Naturiste surdoué passioné par l'afrique :
Né en 1902 à Rouen dans une famille unie, Théodore Monod, futur grand naturaliste, fut considéré comme un surdoué par beaucoup de ses professeurs. Passionné par l'Afrique et ses déserts, il passera une grande partie de sa vie à sillonner ces étendues arides à la recherche d'informations scientifiques. Décédé récemment, le legs qu'il a laissé aux générations à venir est inestimable.
Théodore Monod est né en 1902 à Rouen. En 1907, le pasteur Wilfred Monod, son père, est nommé à l'Oratoire du Louvre à Paris. Le jeune Théodore découvre la capitale avec émerveillement, en particulier le Ve arrondissement auquel il vouera une passion toute sa vie. Les promenades en compagnie de sa mère au Jardin des Plantes et son Musée National d'Histoire Naturelle sont peut-être à l'origine de son destin hors du commun. Il dira lui-même de cet endroit magique : « J'y suis entré à l'âge de cinq ans et j'y suis encore ! ».

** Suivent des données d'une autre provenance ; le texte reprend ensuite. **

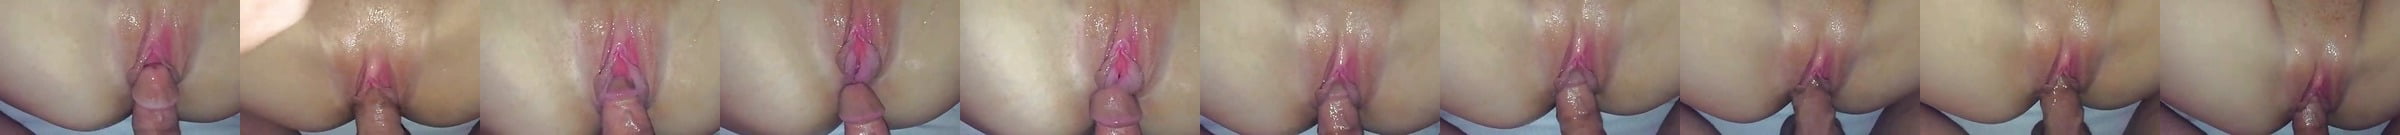 Featured Soaking Wet Porn Videos Xhamster

Avec son frère Samuel, caricaturiste talentueux, il commence à écrire des relations de voyages (dans le Midi de la France en 1916) puis des essais sur les insectes et animaux qu'il découvre.
À quinze ans, il fonde à son adresse la « Société d'Histoire Naturelle » et imprime son premier journal par abonnement (gratuit) dont il envoie même un exemplaire à André Gide, ami de sa famille. Puis, avec la création d'un nouveau journal, le « Martin Pêcheur », il commence l'apprentissage de son métier de naturaliste. C'est à cette époque qu'il ressent une vive passion pour les êtres vivants et la nature. Lors de vacances en famille sur la côte normande, il découvre une autre passion, la mer, qui l'entraînera plus tard dans les fonds marins.
Après son baccalauréat, il doit faire un choix : devenir pasteur comme son père ou préparer une licence de Sciences Naturelles à la Faculté de Théologie Protestante. Pendant deux ans, il suit donc l'enseignement de la Sorbonne, étudiant la zoologie, la botanique et la géologie. Ses notes sont excellentes et, sur recommandation de ses professeurs, il est nommé officiellement « naturaliste » pour une croisière océanographique de deux mois sur le Mistral, contre-torpilleur transformé en navire océanographique.
1 étudie donc l'Archipel des Glénans et se consacre à l'étude du plancton et des animaux marins. Lors de cette première grande mission, il découvre le désert qui marquera définitivement son destin : le 30 novembre 1922, il débarque à Port-Étienne (aujourd'hui Nouadhibou) en Mauritanie afin d'étudier la faune marine et la pêche de cette région peu connue.
À cette époque, Port-Étienne, n'est encore qu'un modeste poste militaire, avec une épicerie et un cercle administratif chargé de gérer la Baie du Lévrier jusqu'au Cap Blanc, 20 km plus au sud. Le manque de distractions pousse Théodore à sillonner la côte pour ramasser quantité d'échantillons marins.
Après un séjour d'un an en Mauritanie, Théodore regagne Paris et retrouve son laboratoire du Muséum. Il prend alors une décision qui change à tout jamais le cours de sa vie : rejoindre le Sénégal par le désert, à dos de chameau.
Accompagné d'un lieutenant, il se joint à une caravane de Maures qui descendent du Cap Blanc jusqu'à SaintLouis du Sénégal. Pendant les vingt jours de la « traversée », Théodore découvre le goût du désert, un nouveau sujet d'intérêt qui ne l'abandonnera plus jamais. De retour à Paris, il publie un article sur cette première traversée du désert et un autre qui fera date sur les dugongs de Madagascar, ces grands mammifères à l'origine de nombreuses légendes marines et peu connus à l'époque.